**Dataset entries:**
>>>
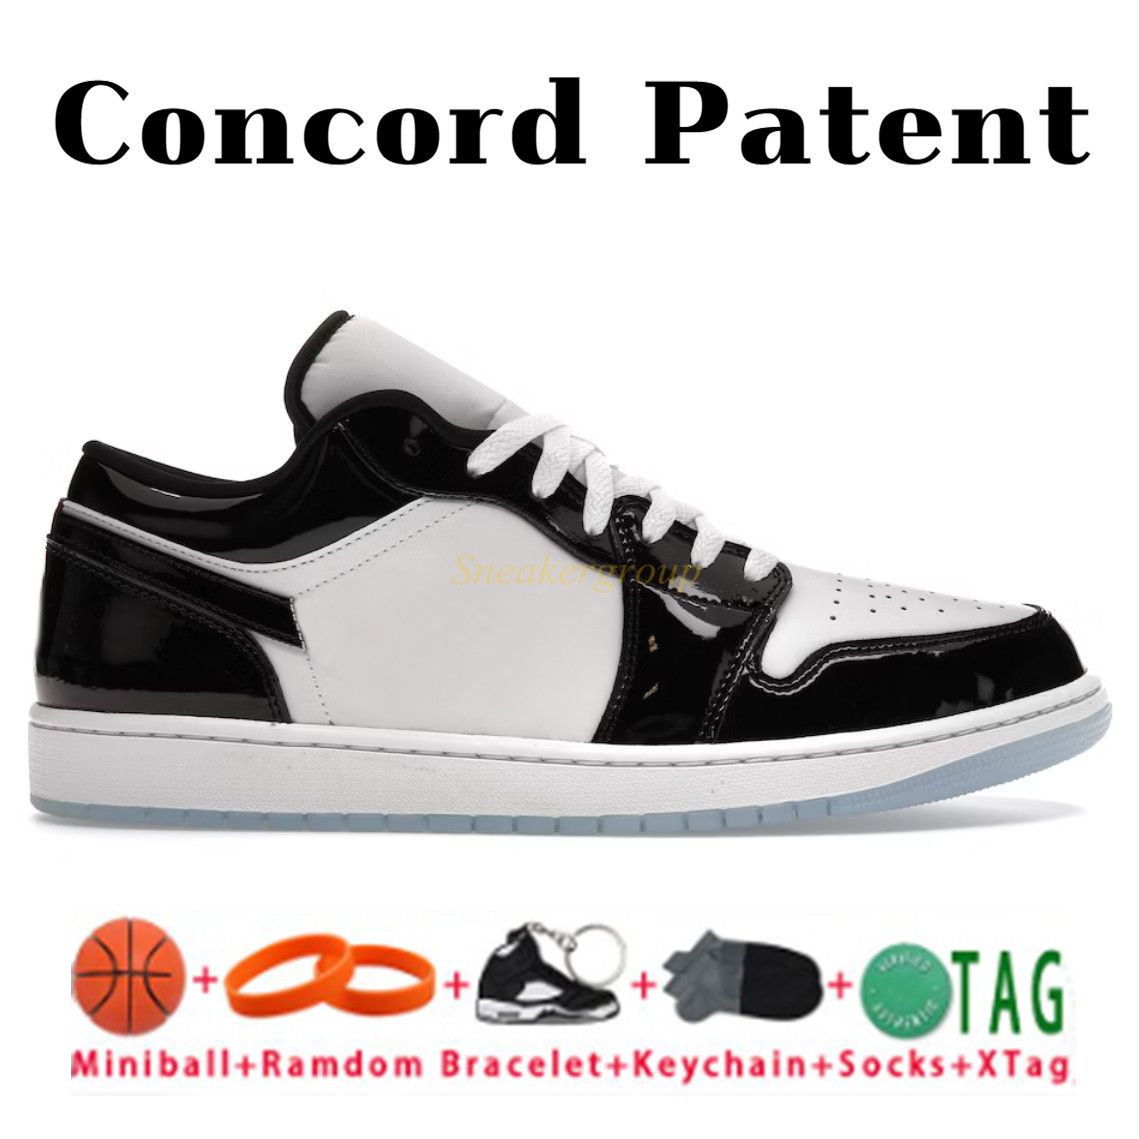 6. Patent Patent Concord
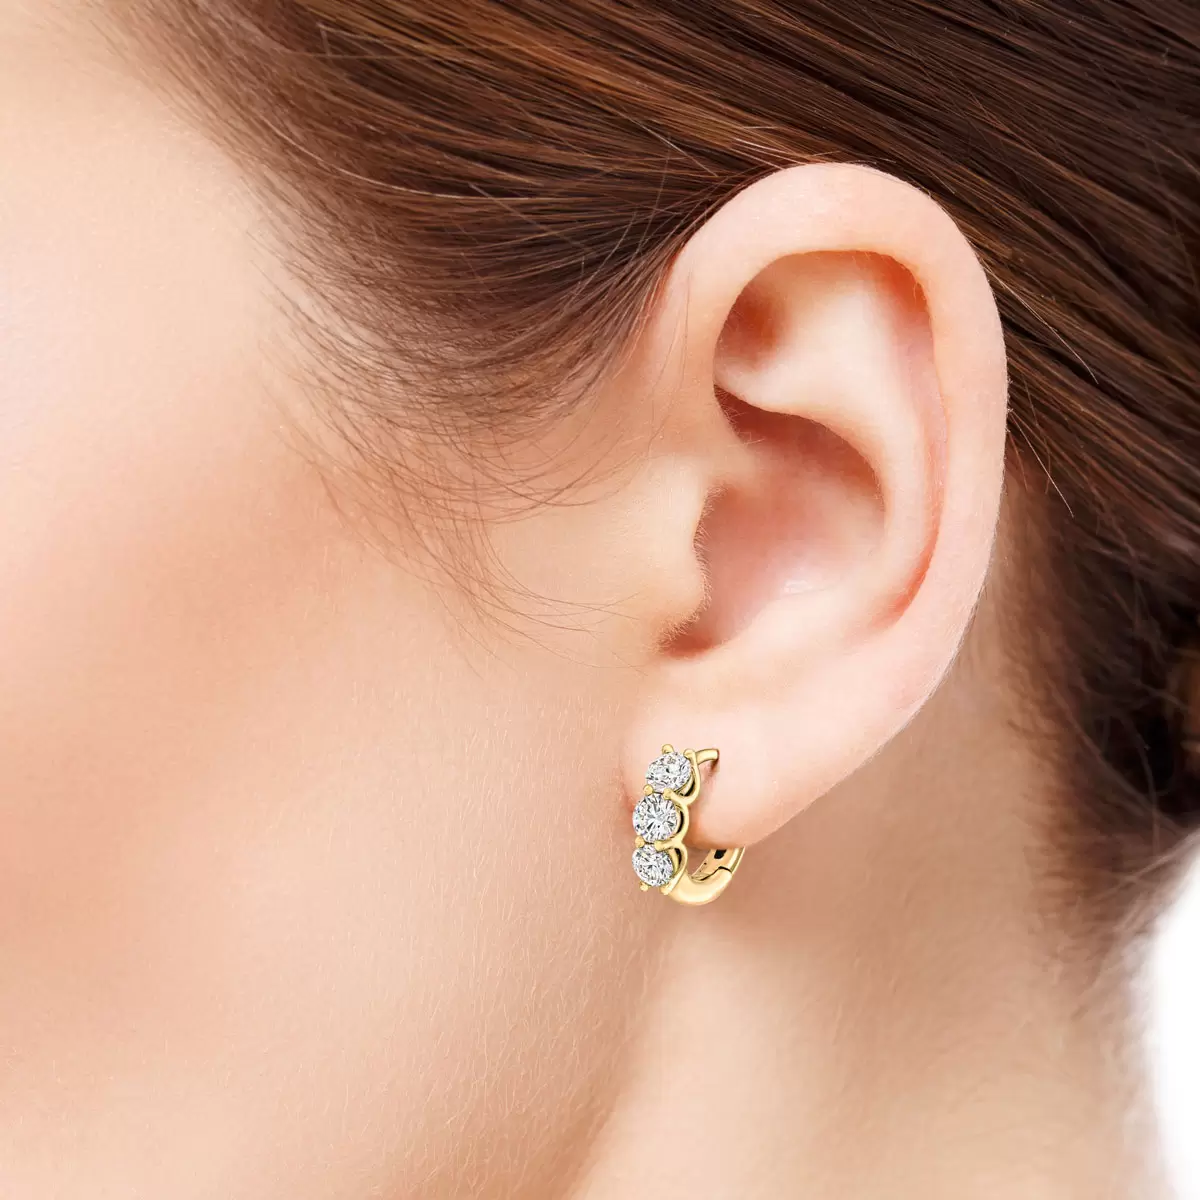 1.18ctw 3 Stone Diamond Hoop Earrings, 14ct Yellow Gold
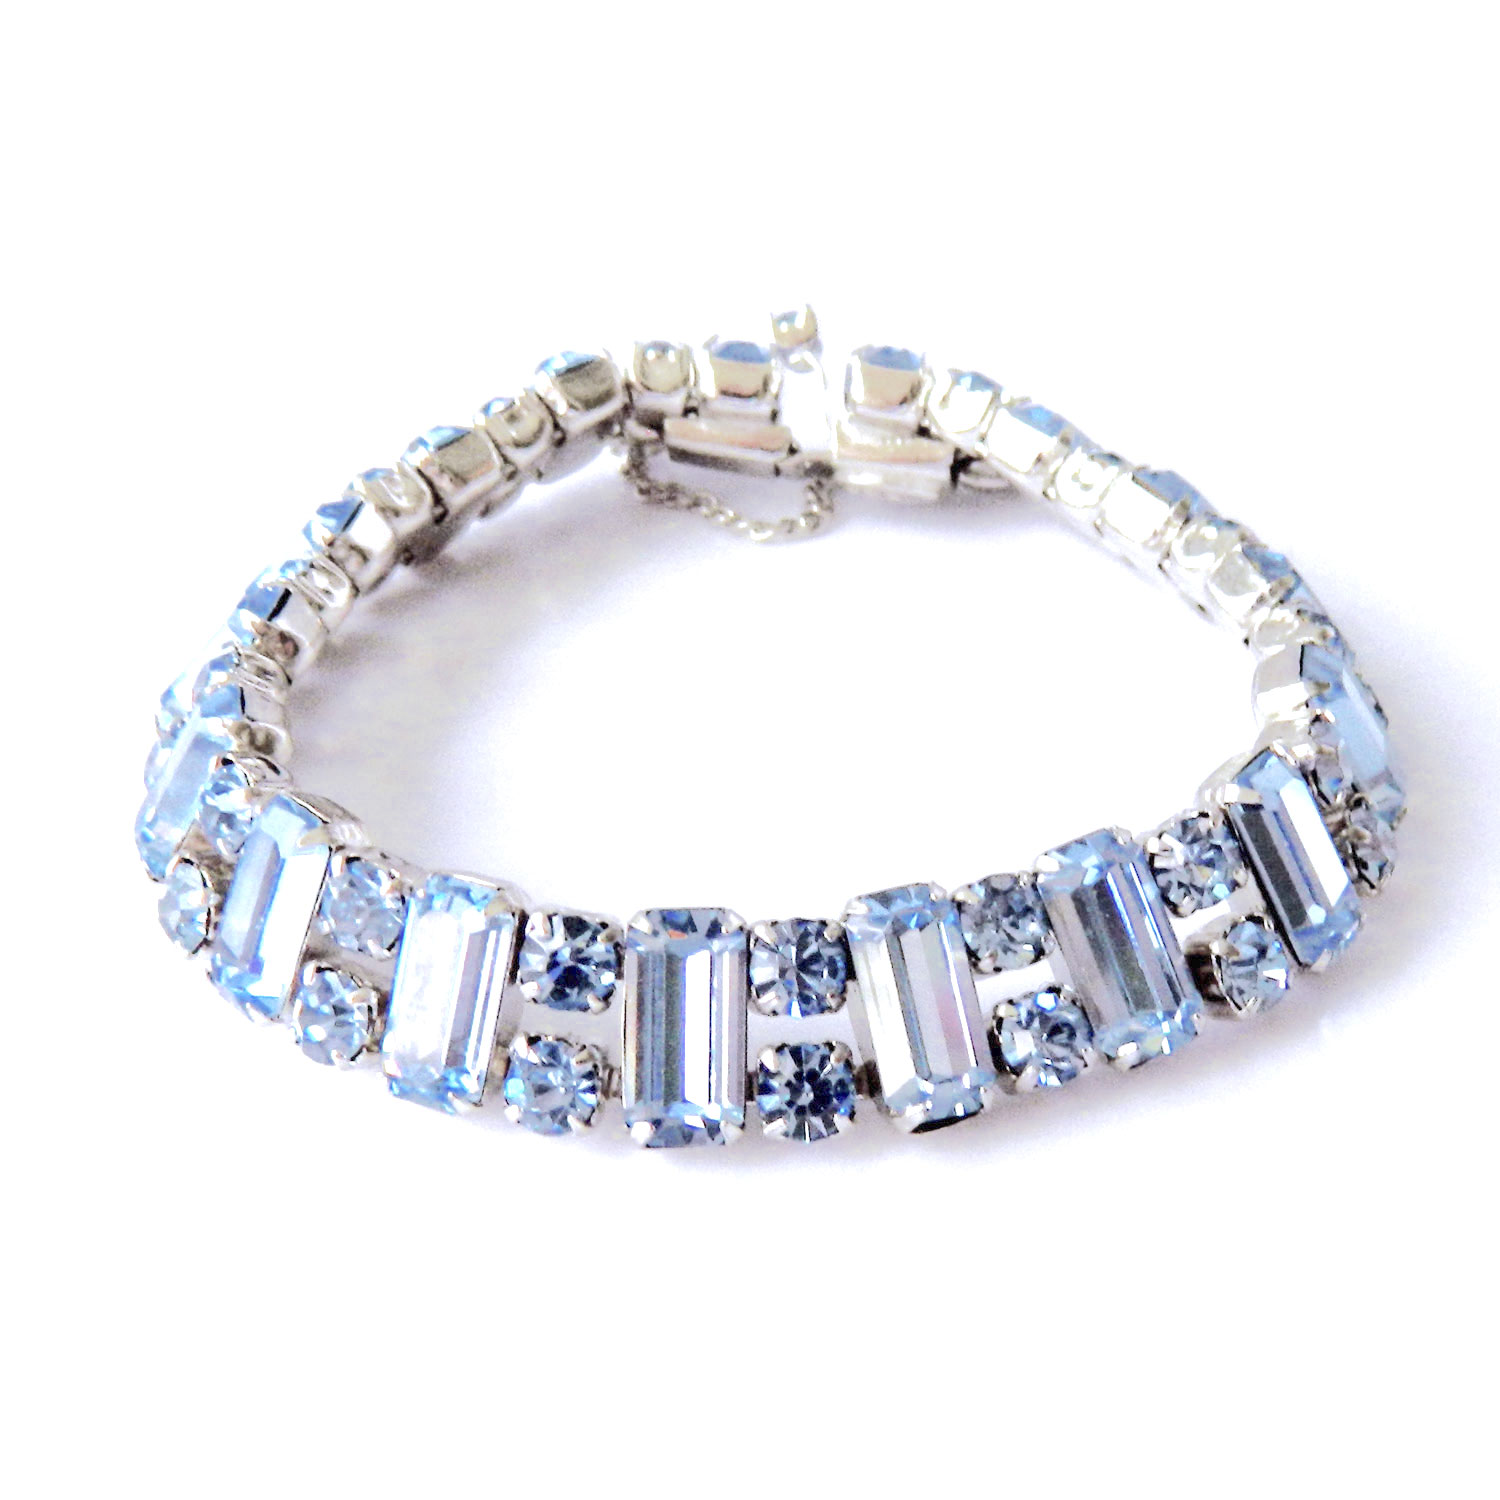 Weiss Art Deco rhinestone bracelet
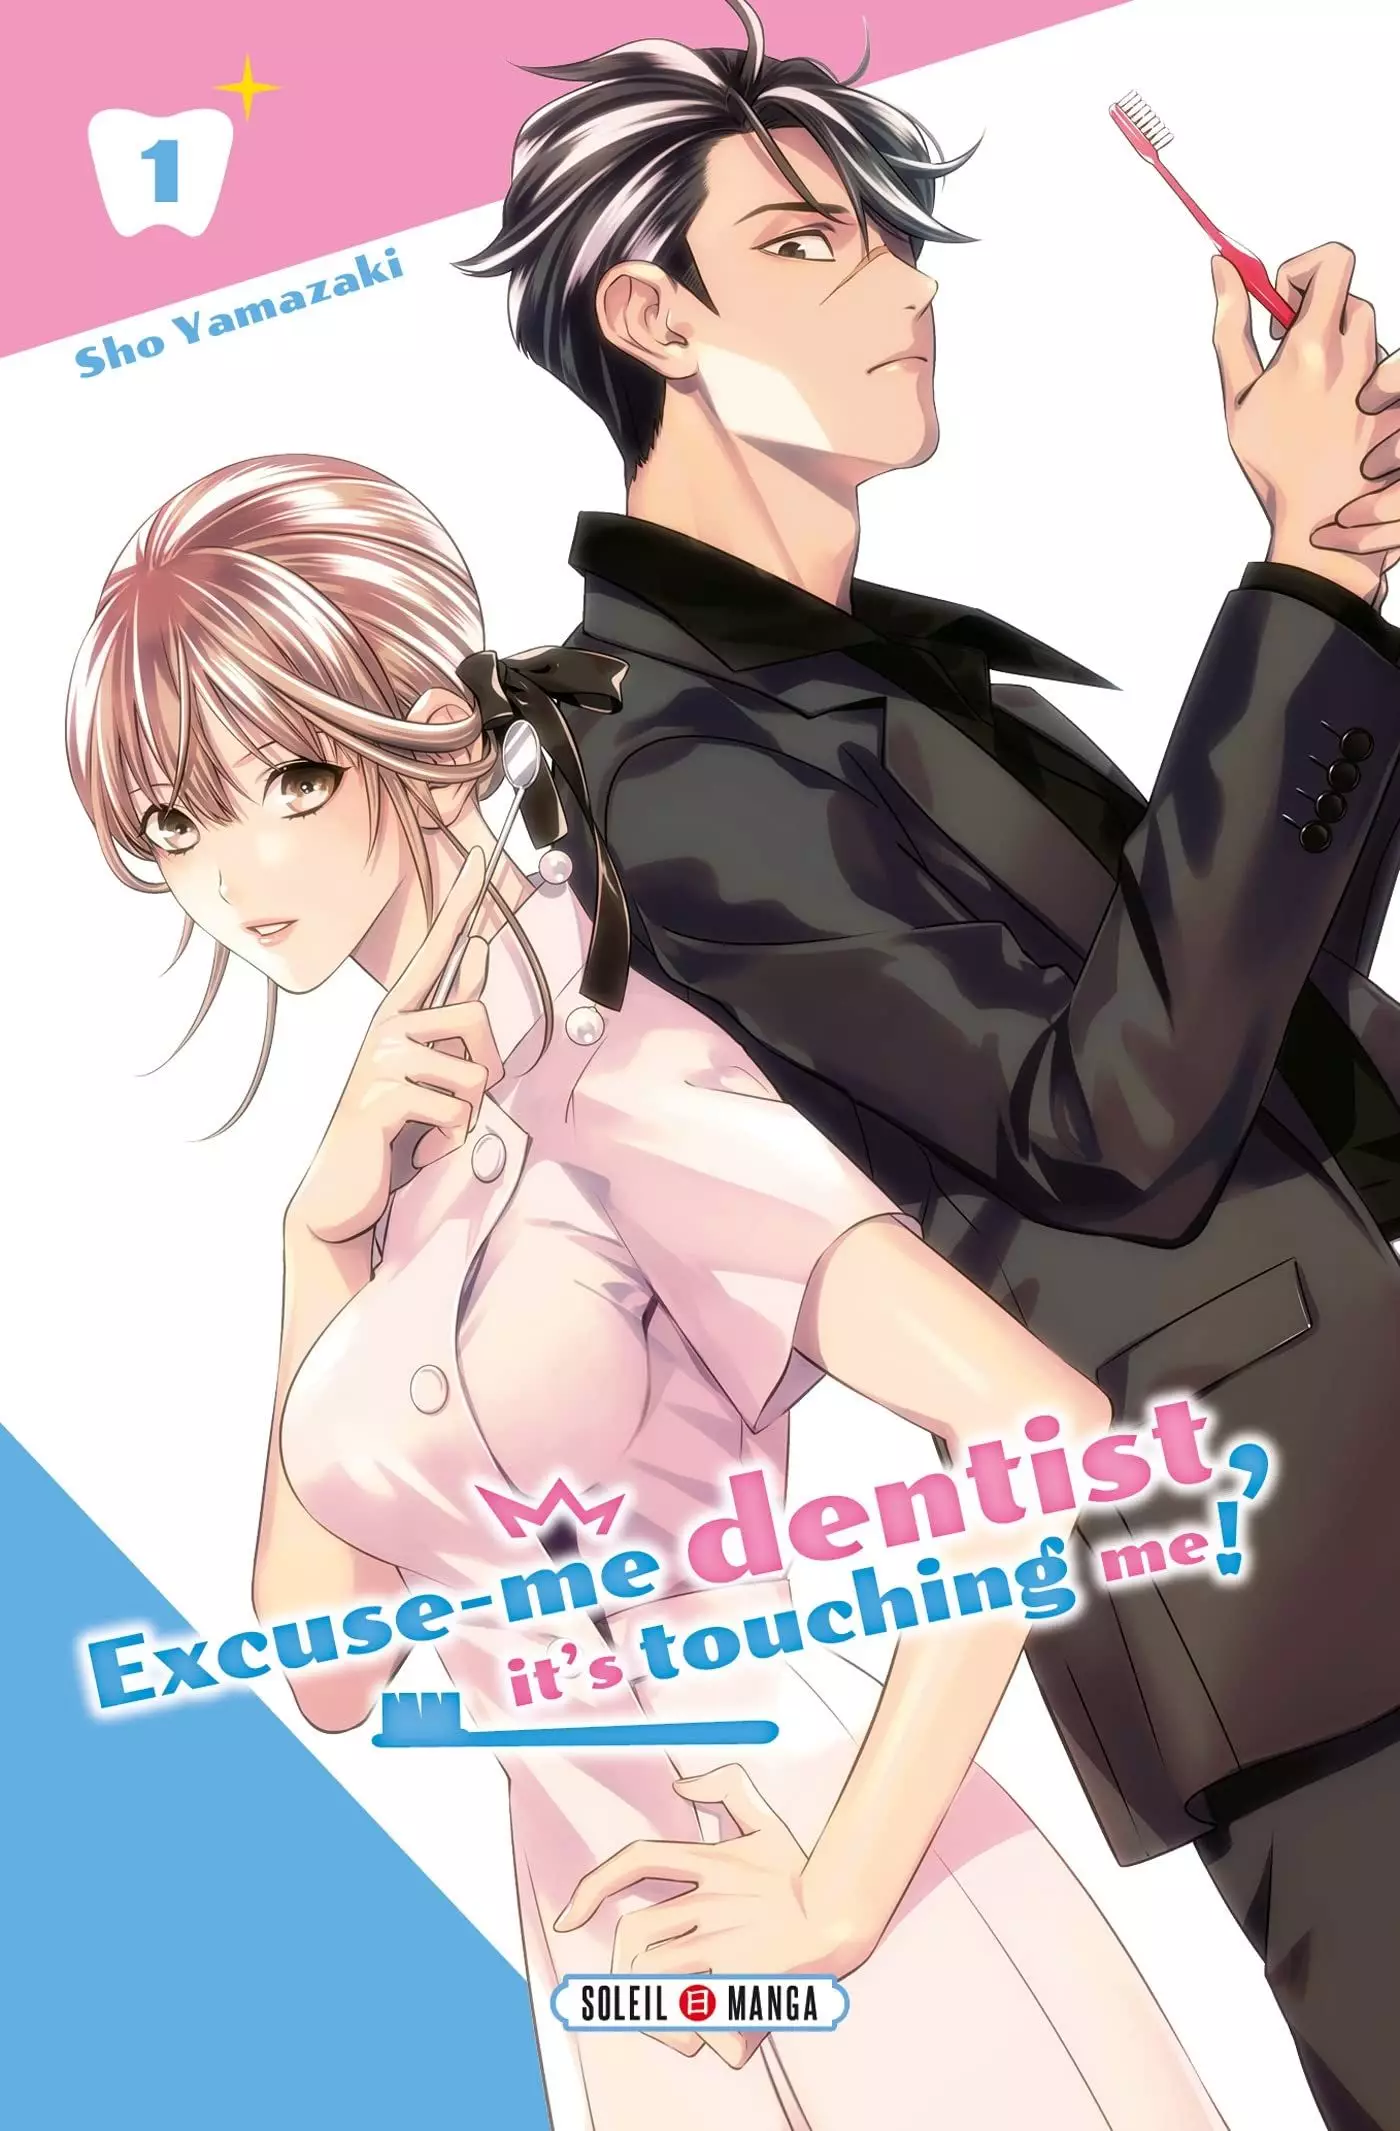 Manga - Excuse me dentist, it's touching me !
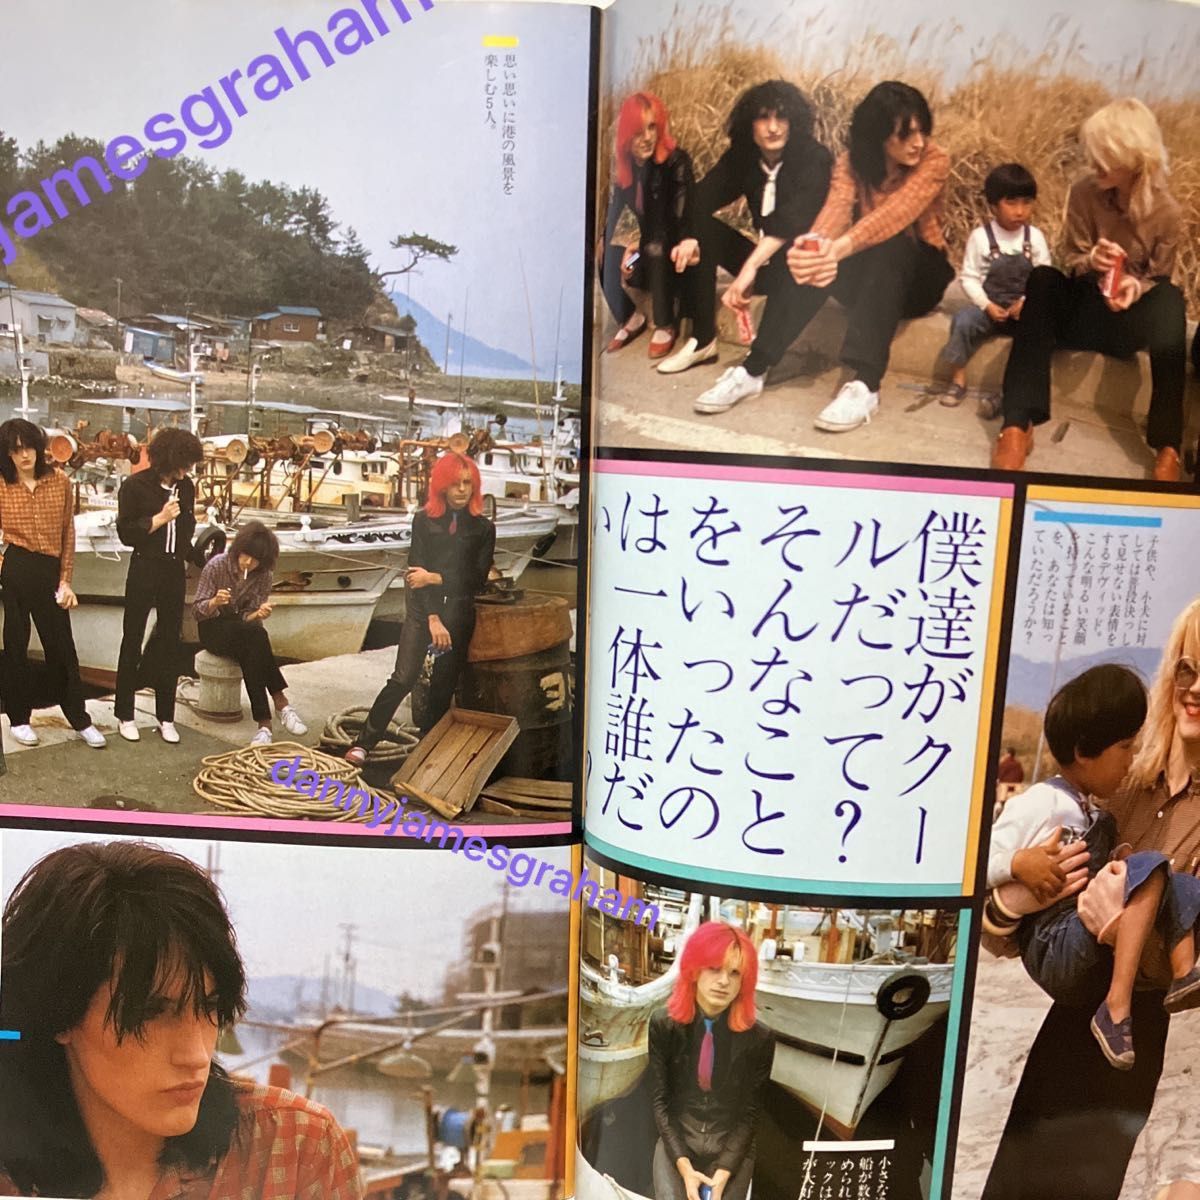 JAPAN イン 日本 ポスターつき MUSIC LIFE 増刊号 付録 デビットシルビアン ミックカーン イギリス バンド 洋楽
<<<
**WHAT YOU NEED TO DO:** From the line containing "Weiss Art Deco rhinestone bracelet" to the last line of the records, inclusive, output the lines exactly as written and nothing else; leave out the pictures.

**SOLUTION TO THE PROBLEM:**
 Weiss Art Deco rhinestone bracelet
 Manga - Excuse me dentist, it's touching me !
 JAPAN イン 日本 ポスターつき MUSIC LIFE 増刊号 付録 デビットシルビアン ミックカーン イギリス バンド 洋楽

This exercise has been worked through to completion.